The new buyer personas: Strategy, speed, and scalability
A decade ago, translation buyers were primarily localization managers and language leads. Today, the buyer landscape has diversified significantly:
- CMOs and brand leaders demanding faster go-to-market localization
- Product teams building multilingual UX by design
- Legal and compliance departments managing cross-border regulatory content
- Support teams seeking multilingual automation at scale
These personas have new expectations:
- Real-time delivery across languages
- Content-aware AI that adapts to brand tone
- Platform integration across CMS, product, and marketing stacks
- Cost models that scale predictably with usage
The result? A shift from static project-based translation to continuous, AI-enabled localization workflows—backed by SLAs, data governance, and measurable KPIs.
Services are evolving—From transactional to strategic
The services landscape is also transforming. Clients are no longer just buying words—they’re looking for strategic partners who can:
- Build custom AI translation pipelines
- Co-design multilingual UX flows
- Implement automated quality evaluation frameworks
- Enable centralized governance for decentralized content teams
Companies like Airbnb, SpaceX, and Glovo have worked with Translated to deploy hybrid models—where our AI-powered tools handle scale, and our 500,000+ vetted native-speaking professionals ensure quality, nuance, and compliance.

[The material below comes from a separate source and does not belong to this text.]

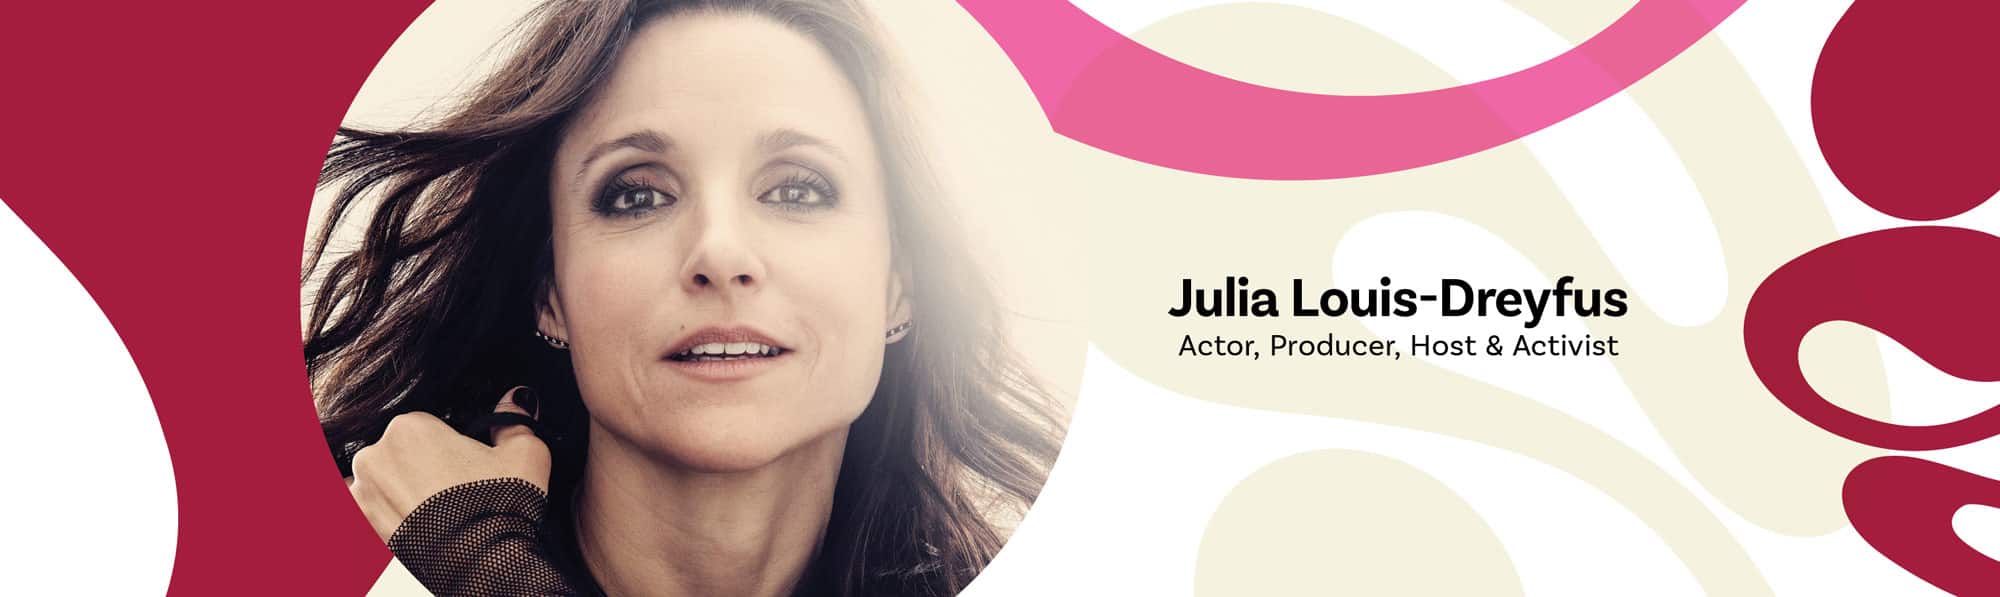 Join Julia Louis-Dreyfus at the Texas Conference for Women on October 2nd in Austin, TX!

Research and regulation: Shaping the future responsibly
Finally, the translation industry is at the center of larger conversations around:
- AI transparency and explainability
- Cross-border content regulation
- Data privacy in multilingual environments
- AI for social good, including support for endangered languages
With initiatives like DVPS (Diversibus Viis Plurima Solvo), Translated is helping lead European efforts to advance multimodal, ethical AI. This €29M project explores foundational models that combine language, vision, and sensor data—paving the way for more human-aware, real-world AI systems.
Final thought: Translation is the infrastructure of global thinking
As a matter of fact, translation is more than a service—it’s a strategic infrastructure for global interaction. It enables:
- Brands to be understood without distortion
- Products to be used without friction
- Ideas to travel across borders
- Cultures to connect without losing their voice
At Translated, we’re proud to be shaping this future—one where technology serves meaning, and where translation is not just faster, but smarter, fairer, and more culturally fluent.